- _Records shown_:
• • • • •

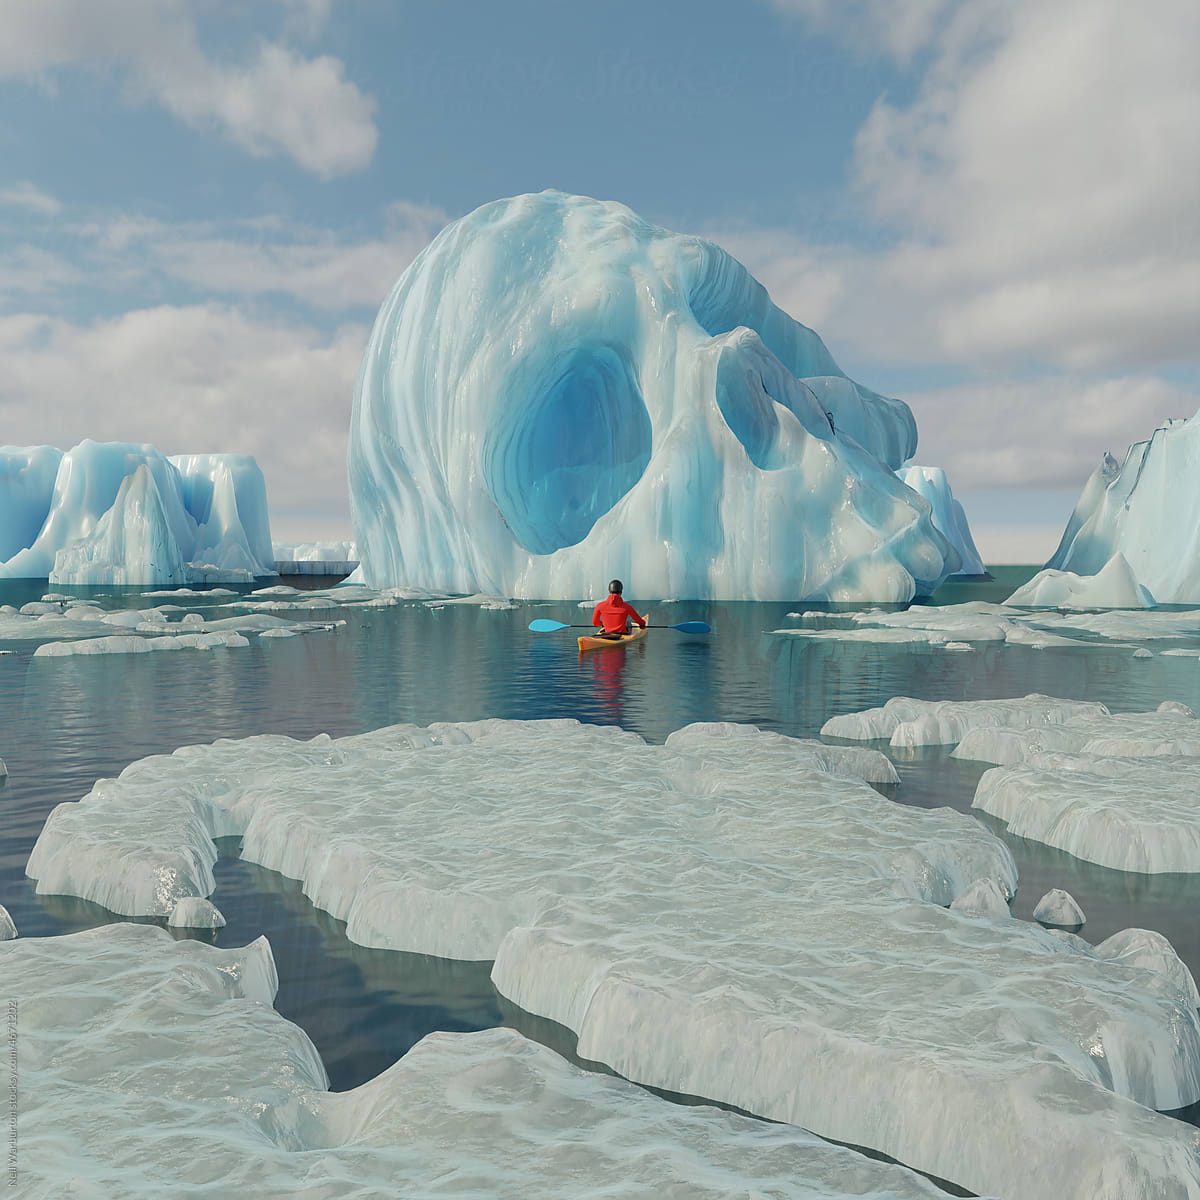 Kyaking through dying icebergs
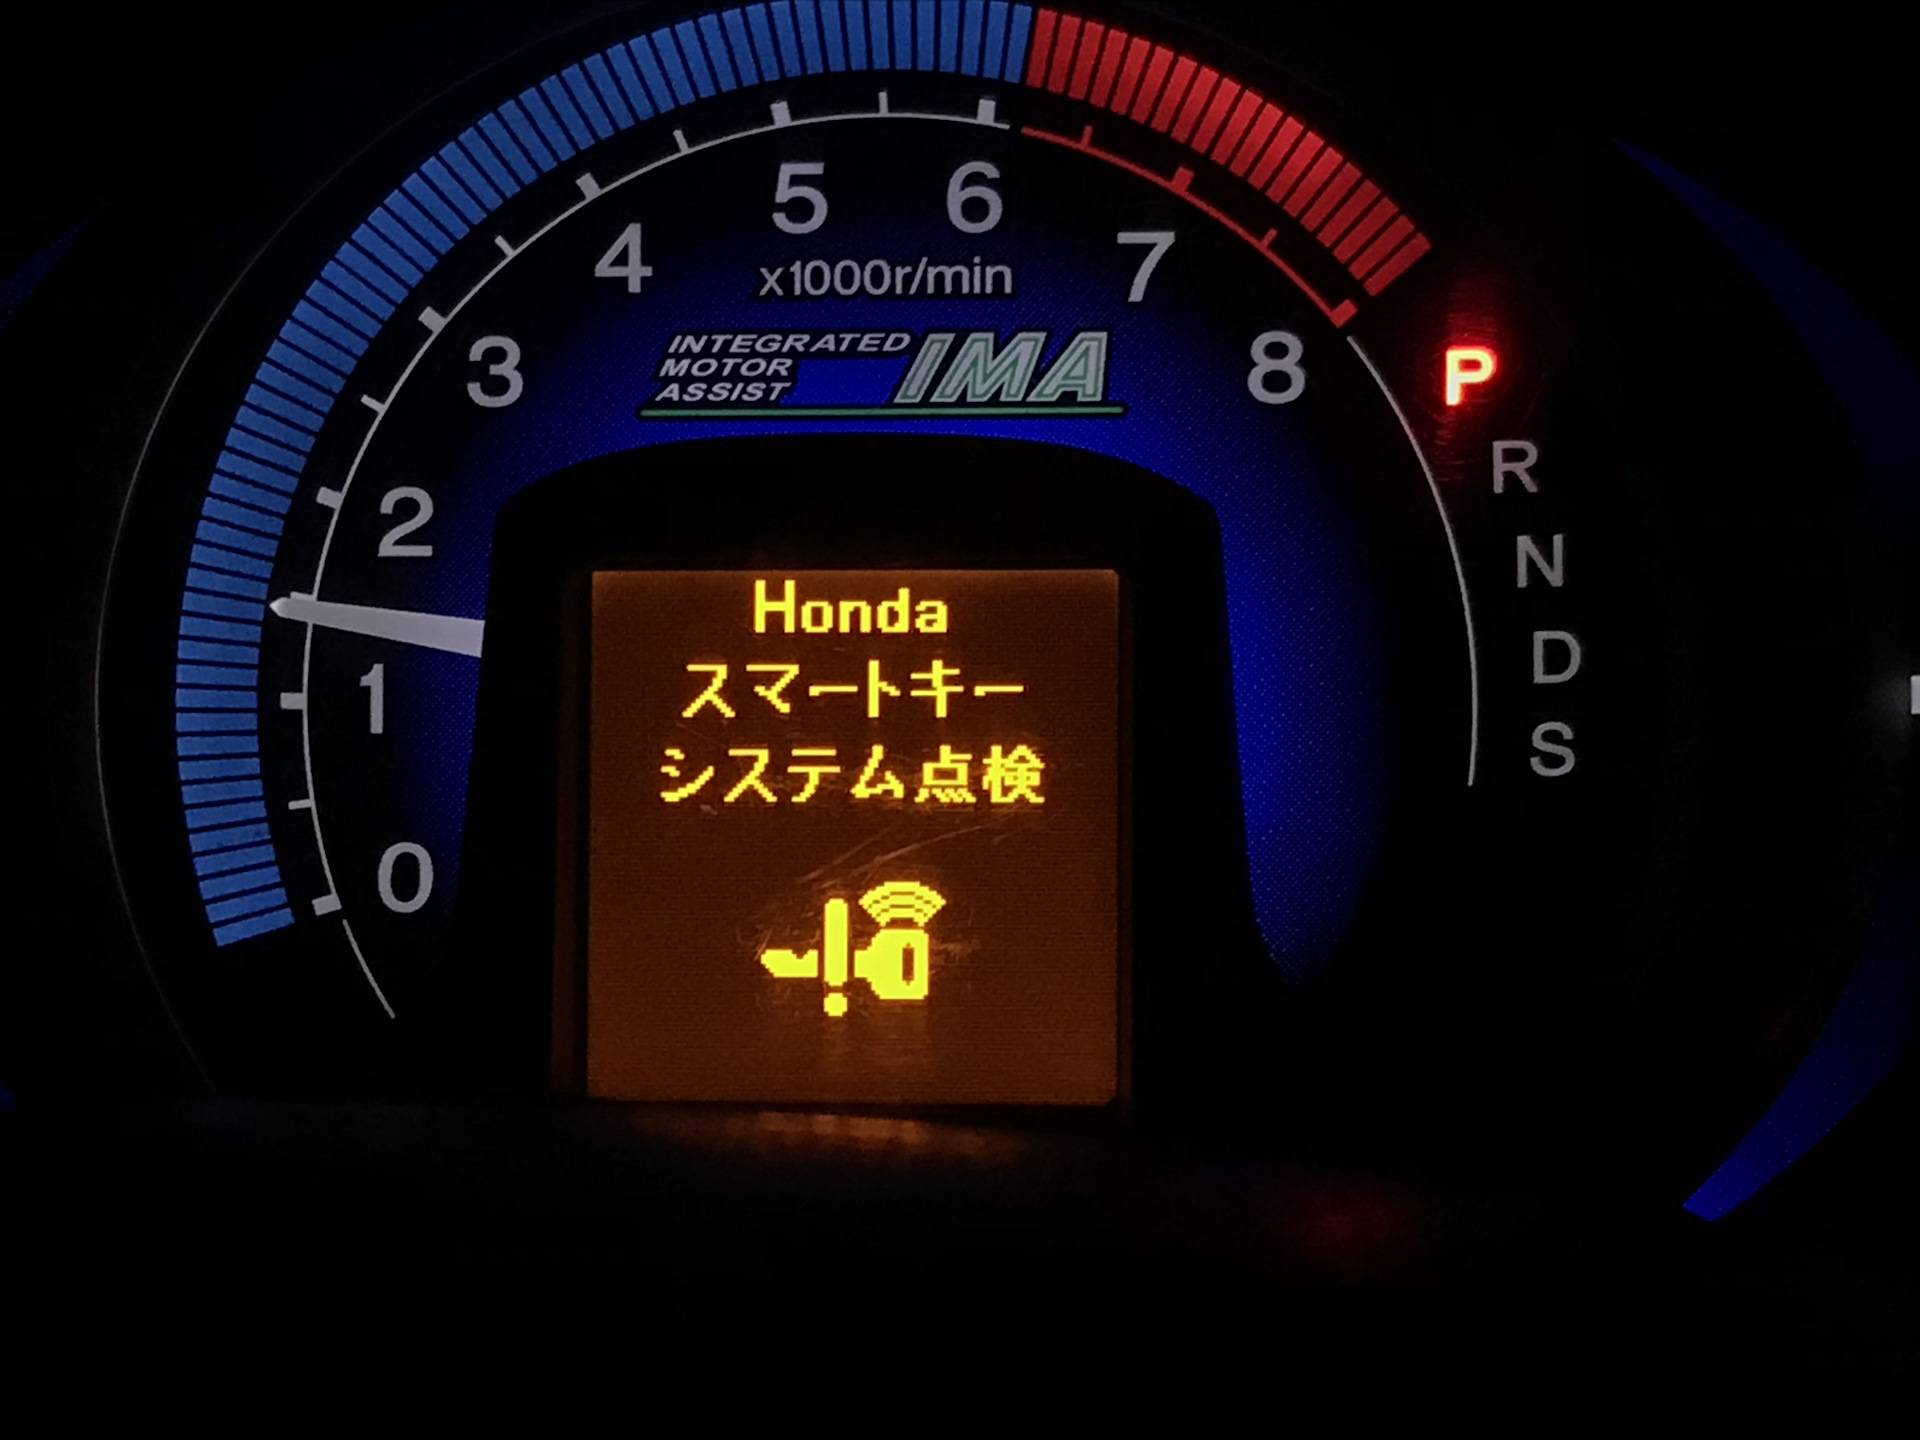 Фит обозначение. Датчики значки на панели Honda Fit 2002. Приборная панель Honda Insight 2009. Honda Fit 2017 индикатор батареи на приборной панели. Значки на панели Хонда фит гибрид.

• • • • •

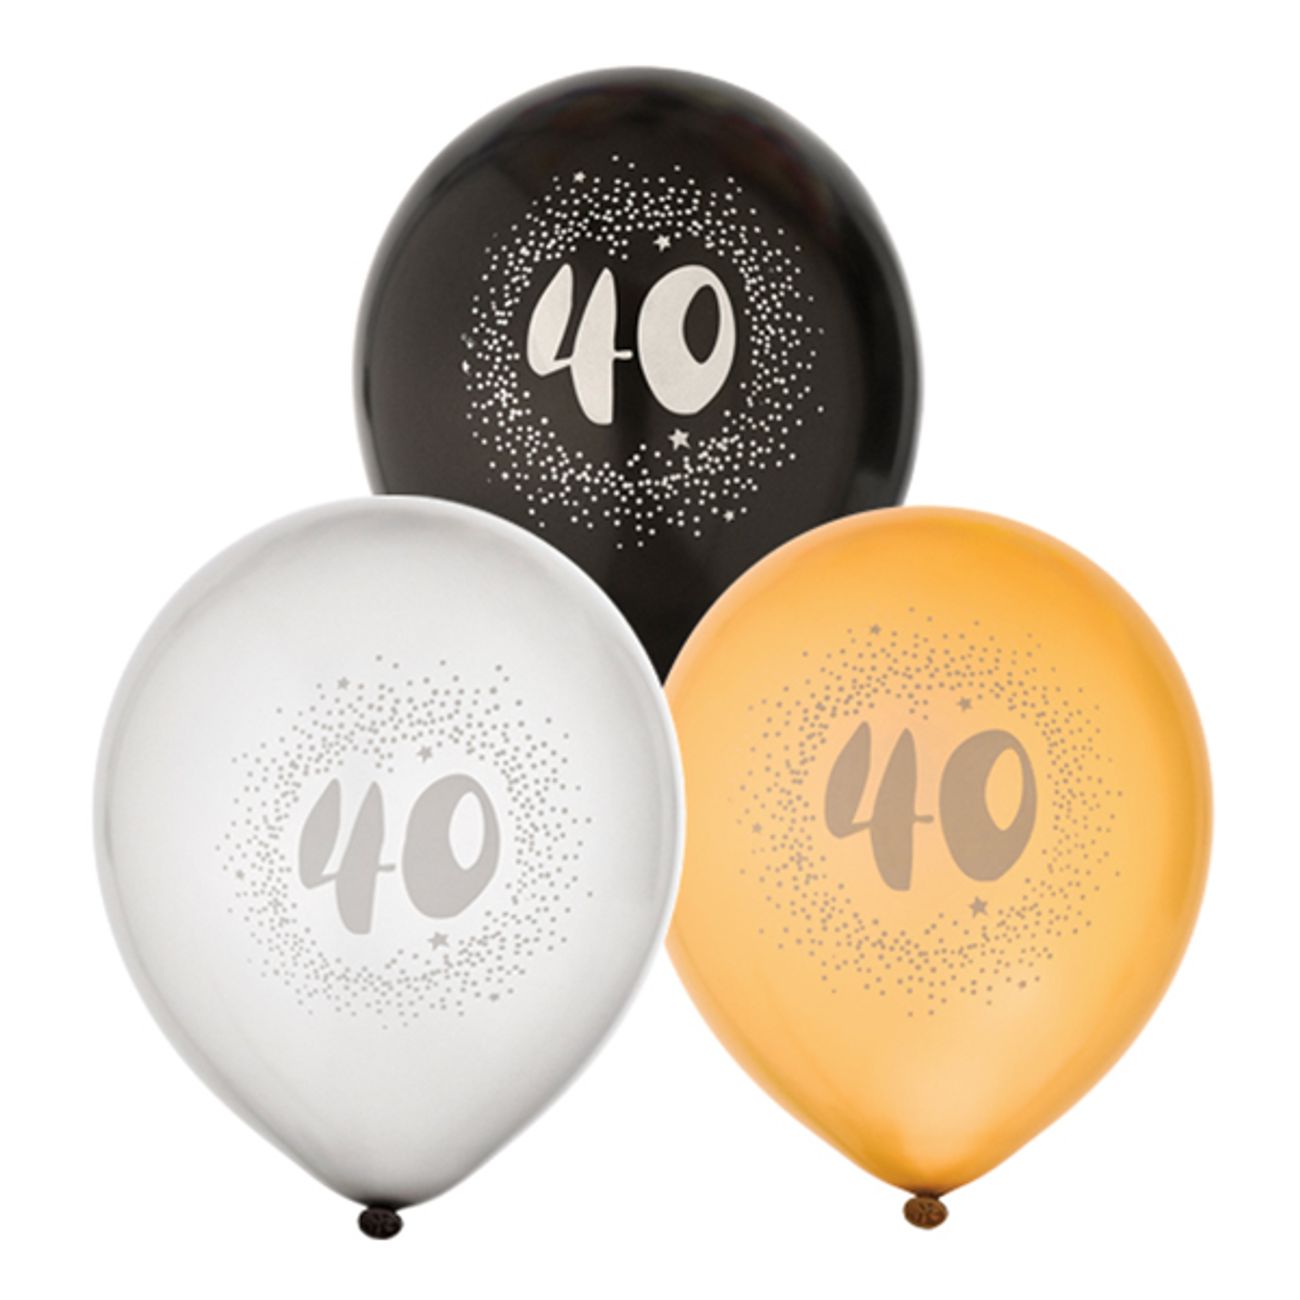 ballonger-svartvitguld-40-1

• • • • •

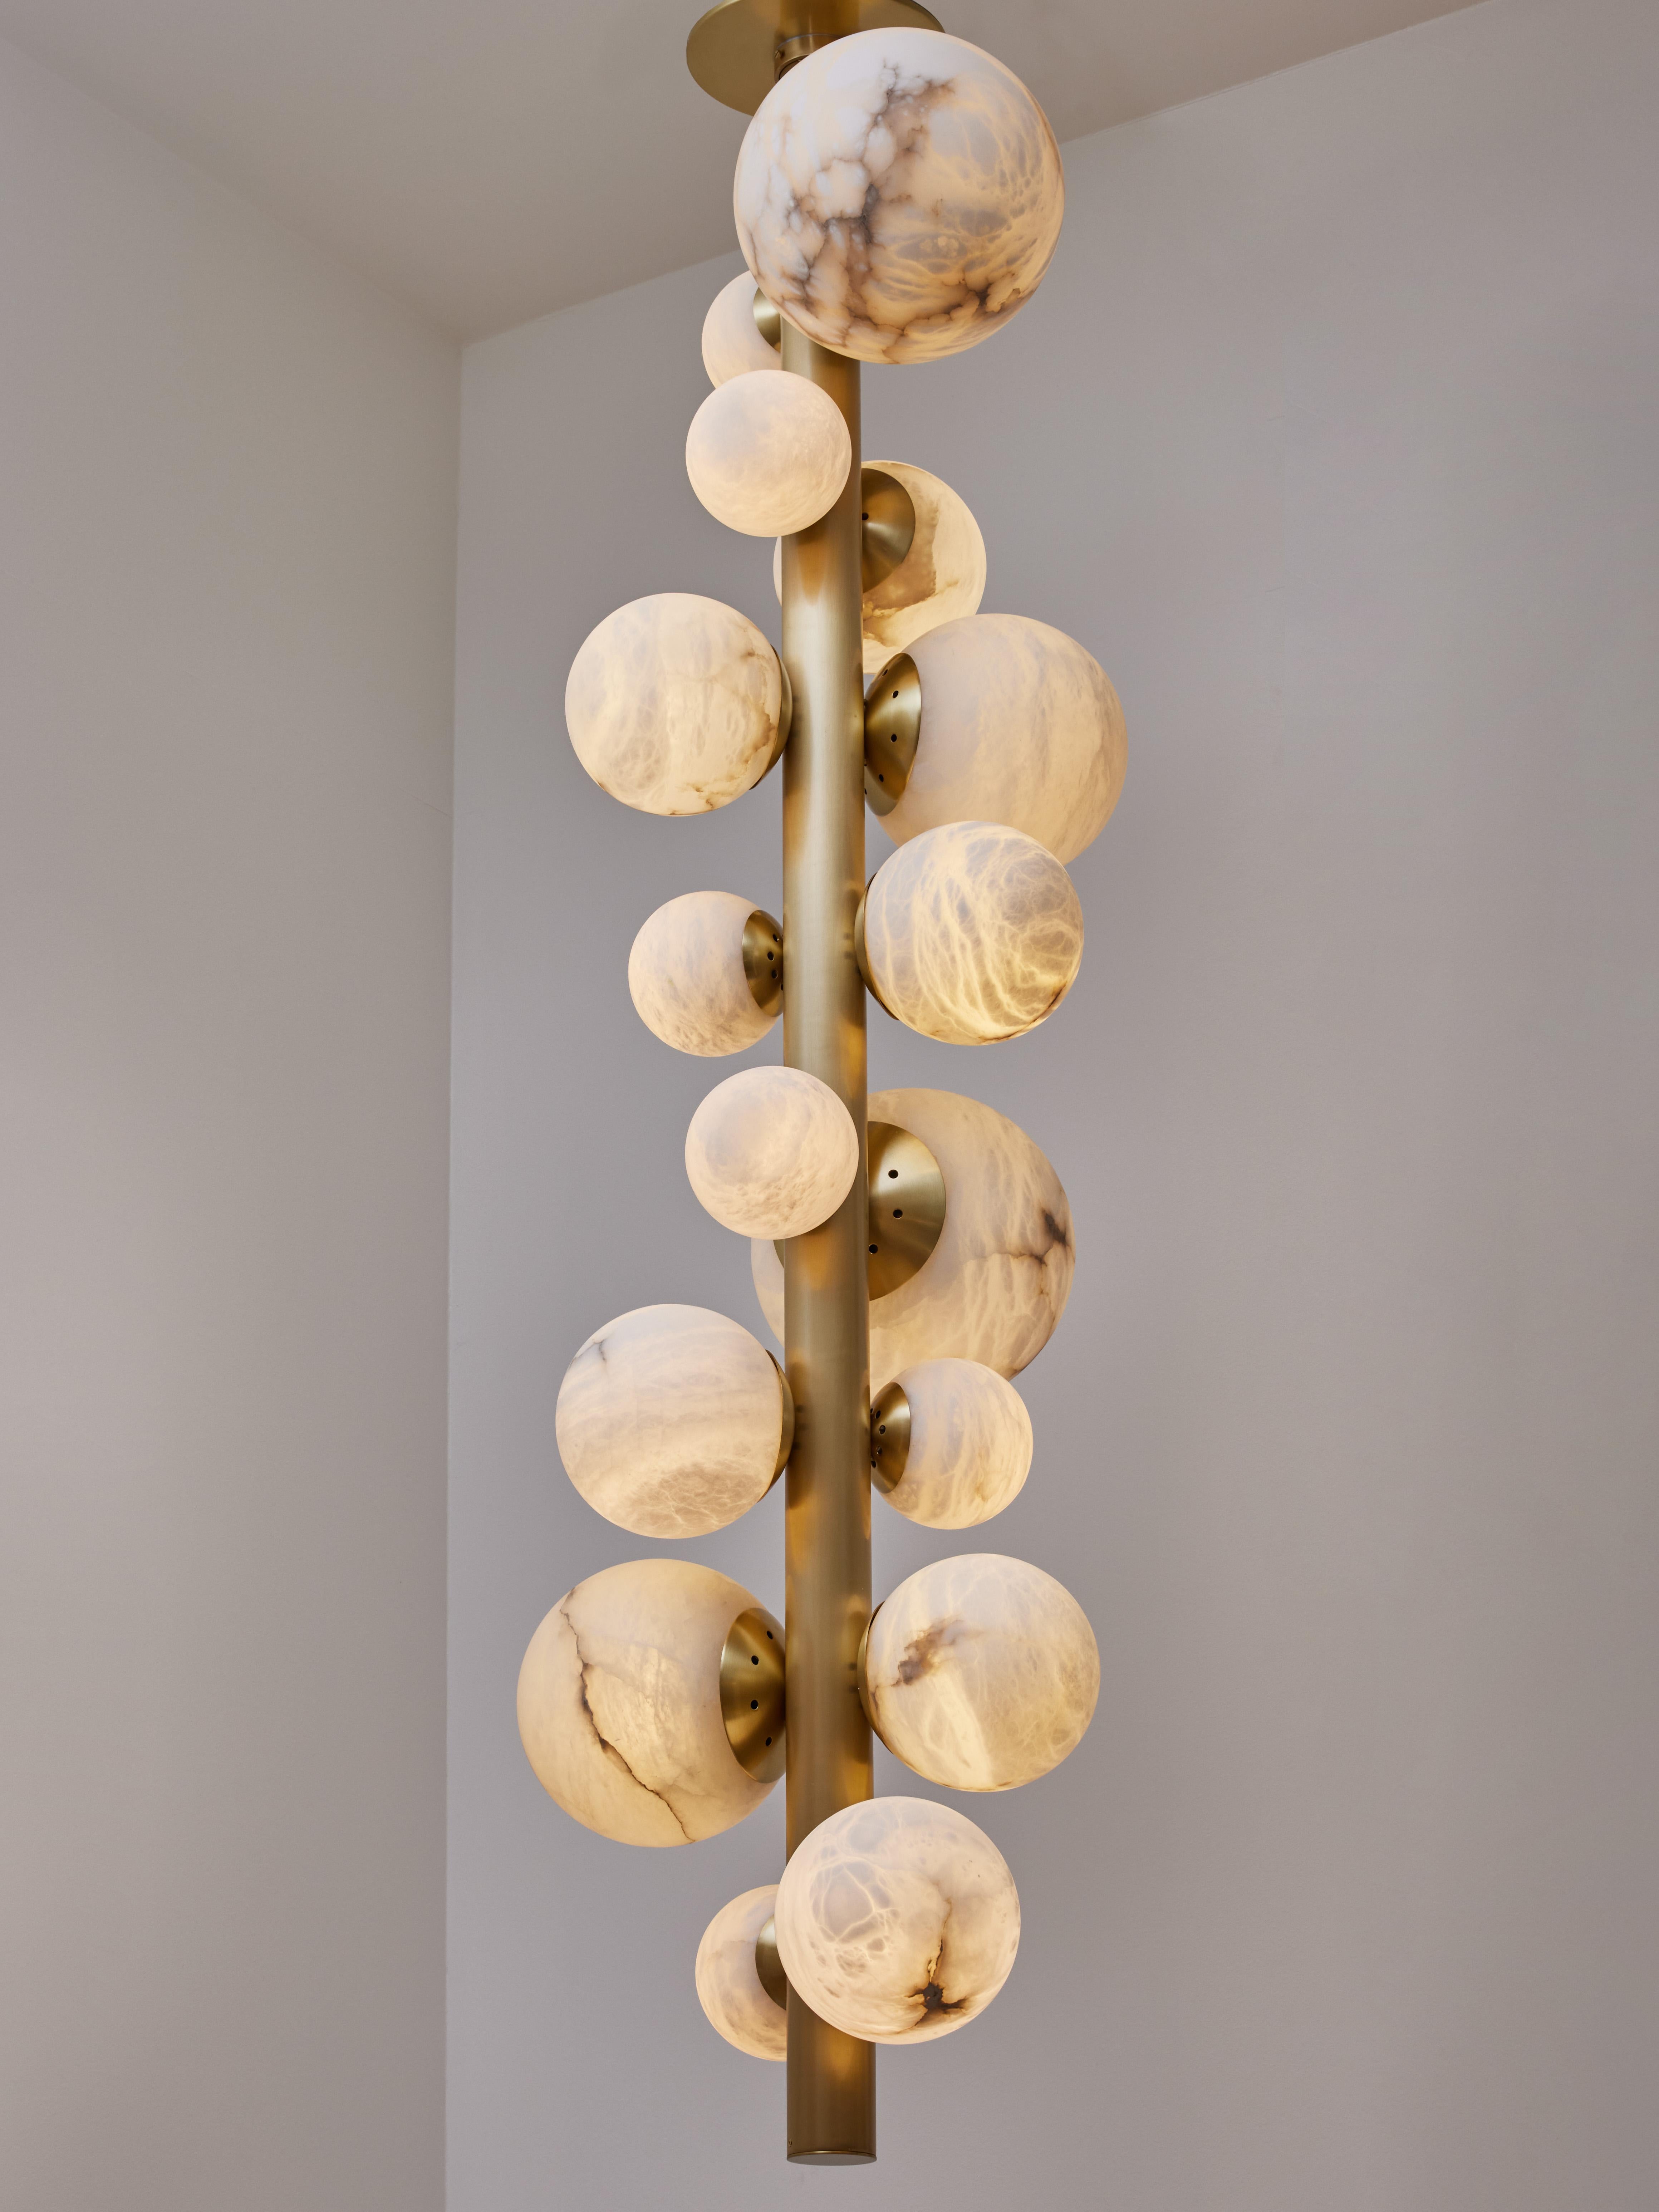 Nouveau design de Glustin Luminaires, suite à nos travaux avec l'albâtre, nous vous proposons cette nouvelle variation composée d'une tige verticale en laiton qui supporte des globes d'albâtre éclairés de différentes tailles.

• • • • •

- _Task goal_: Reproduce exactly, with no pictures, the lines above from the one holding "Kyaking through dying icebergs" to the one holding "Фит обозначение. Датчики", inclusive.

- _Exercise response_:
 Kyaking through dying icebergs
 Фит обозначение. Датчики значки на панели Honda Fit 2002. Приборная панель Honda Insight 2009. Honda Fit 2017 индикатор батареи на приборной панели. Значки на панели Хонда фит гибрид.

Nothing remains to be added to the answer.